- SOURCE DATA
......
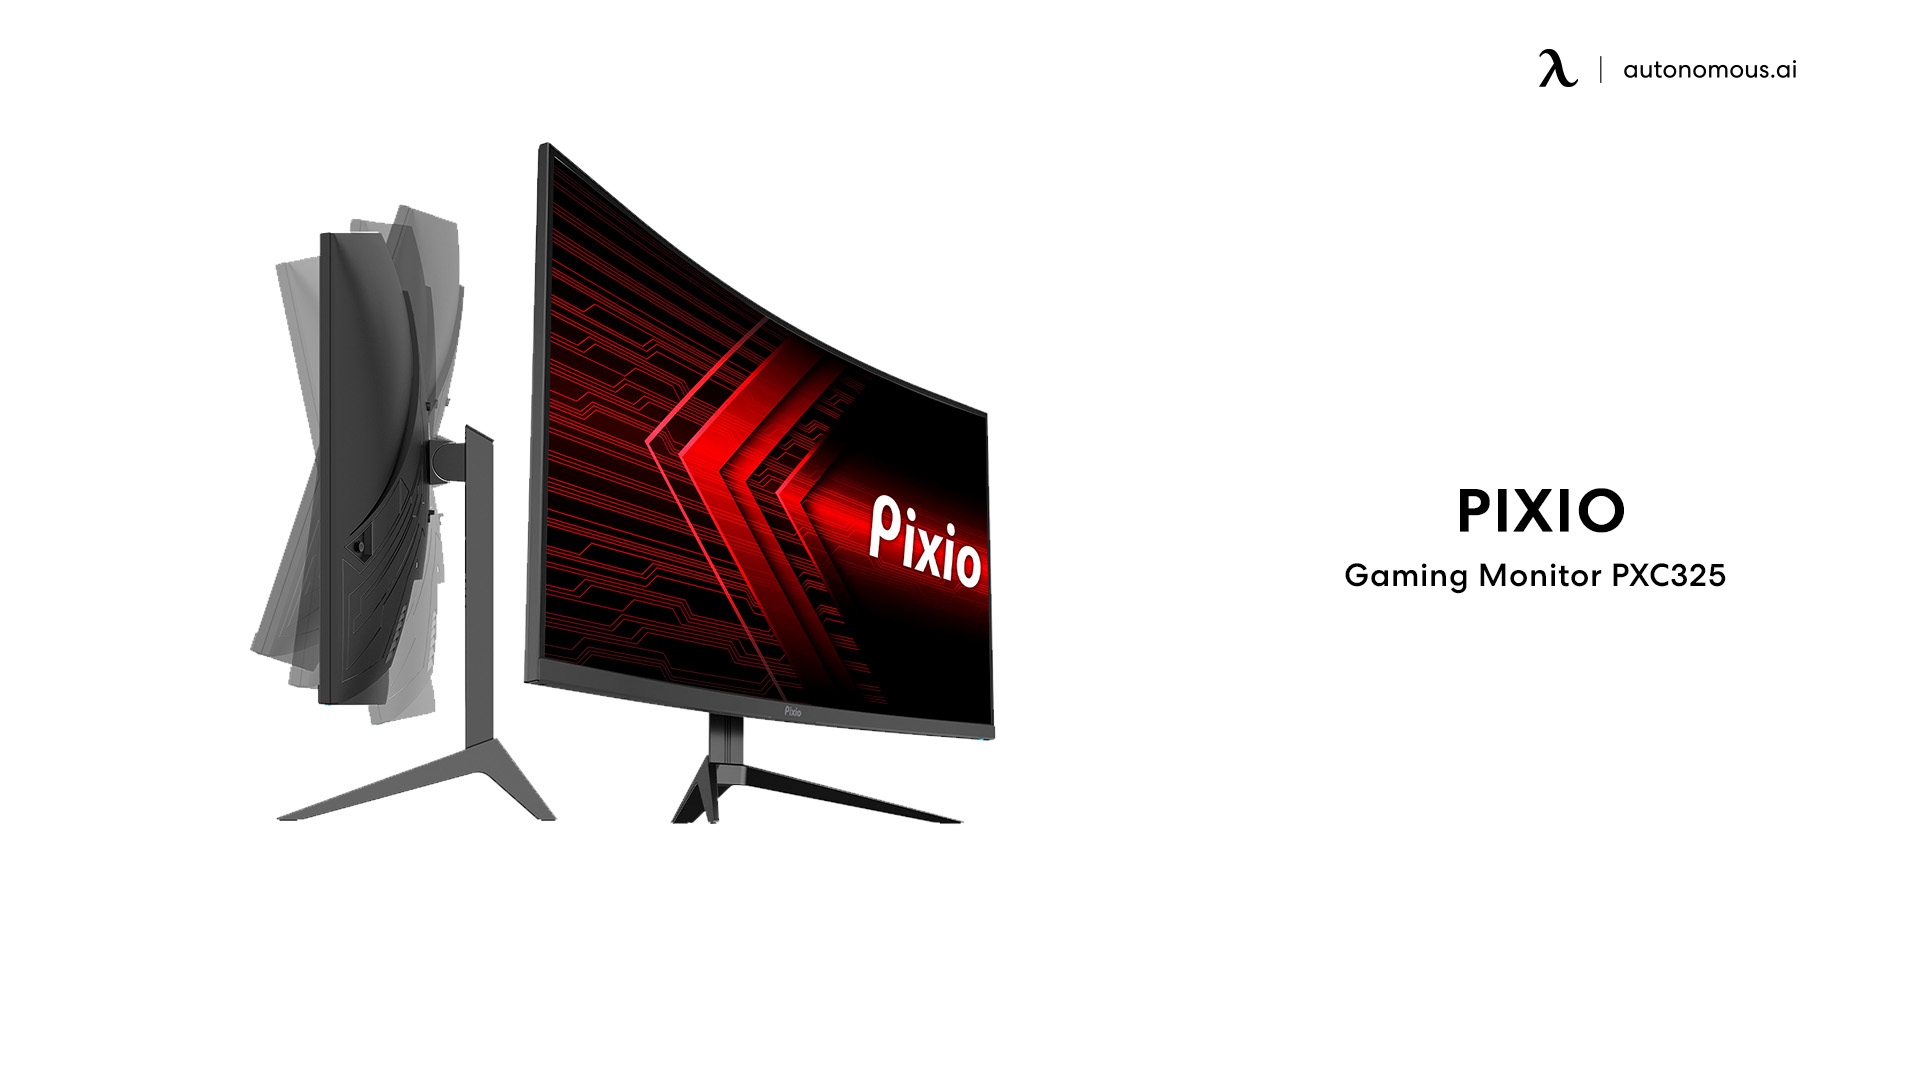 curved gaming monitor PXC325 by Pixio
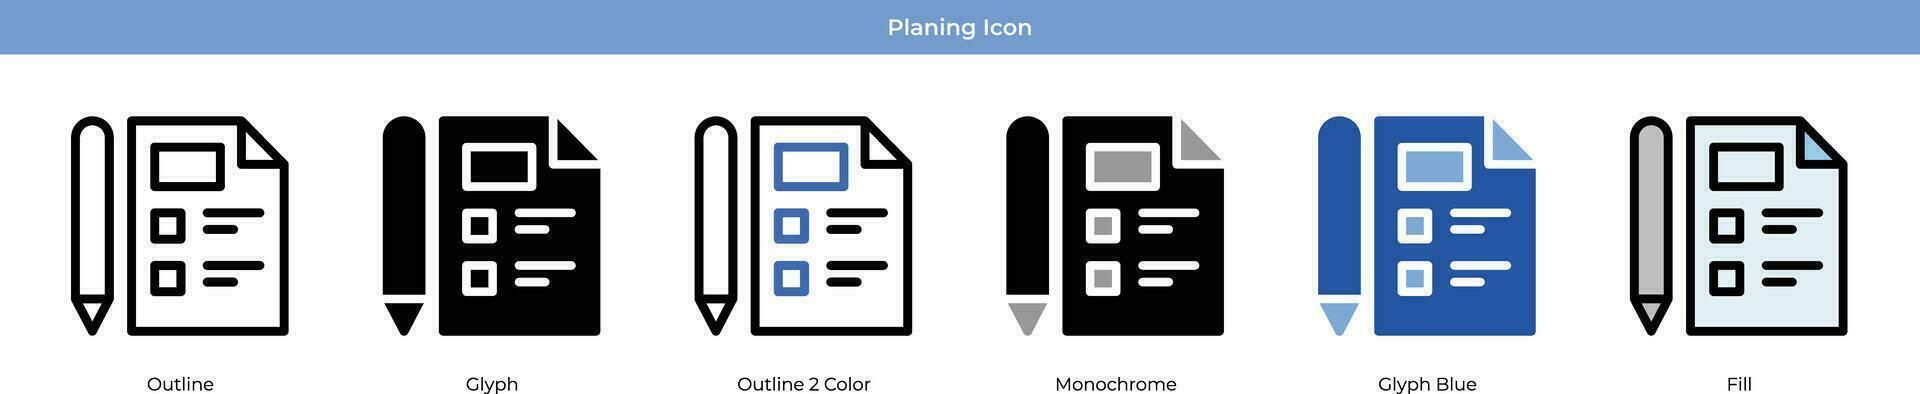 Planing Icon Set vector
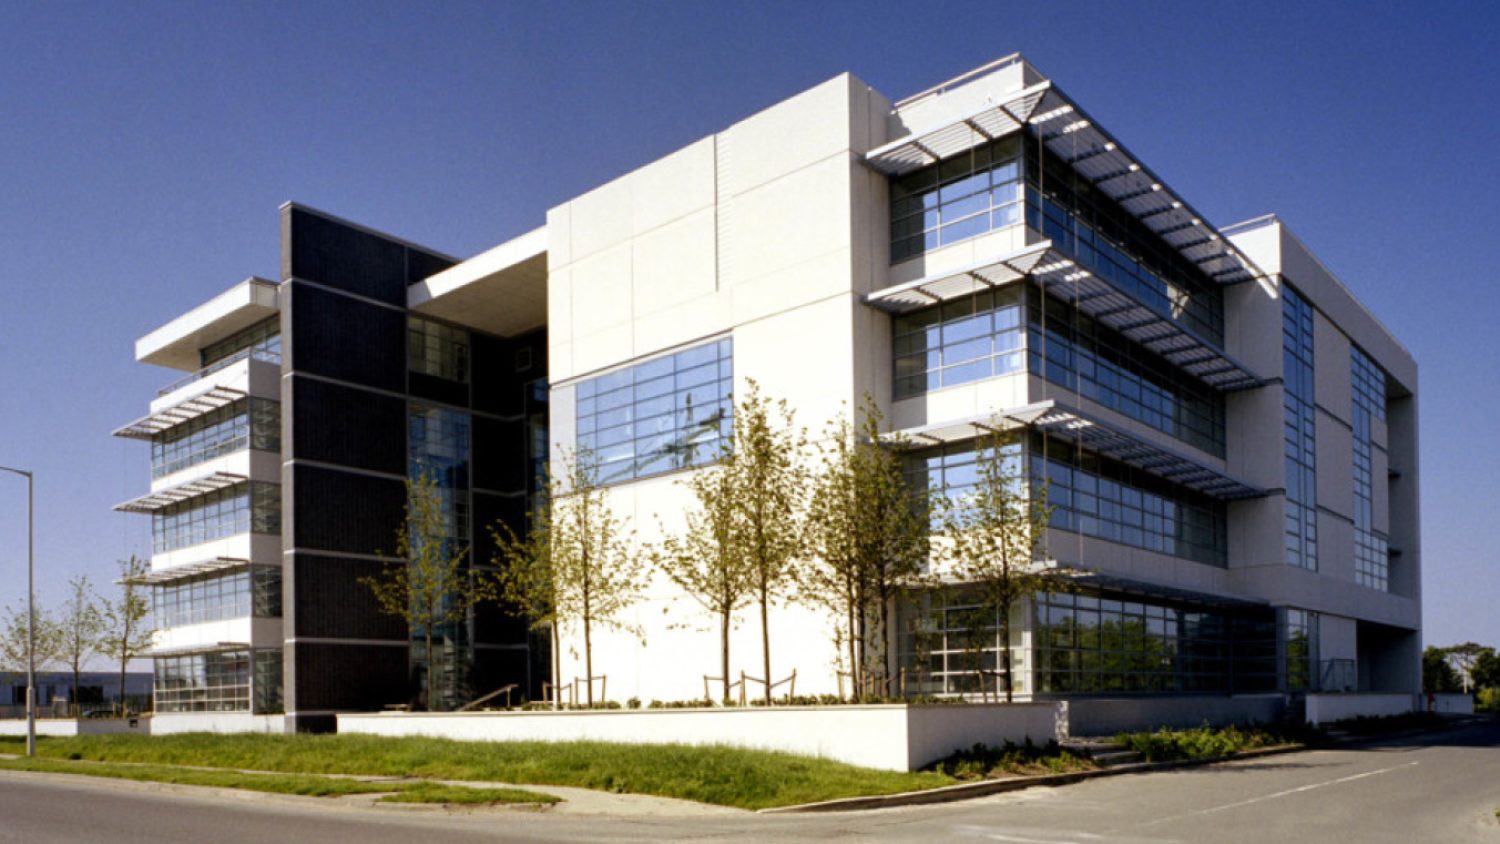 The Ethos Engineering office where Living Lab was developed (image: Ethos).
......
Excluding pictures, print all lines above exactly.

- RESULT
 curved gaming monitor PXC325 by Pixio
 Planing Icon Set vector
 The Ethos Engineering office where Living Lab was developed (image: Ethos).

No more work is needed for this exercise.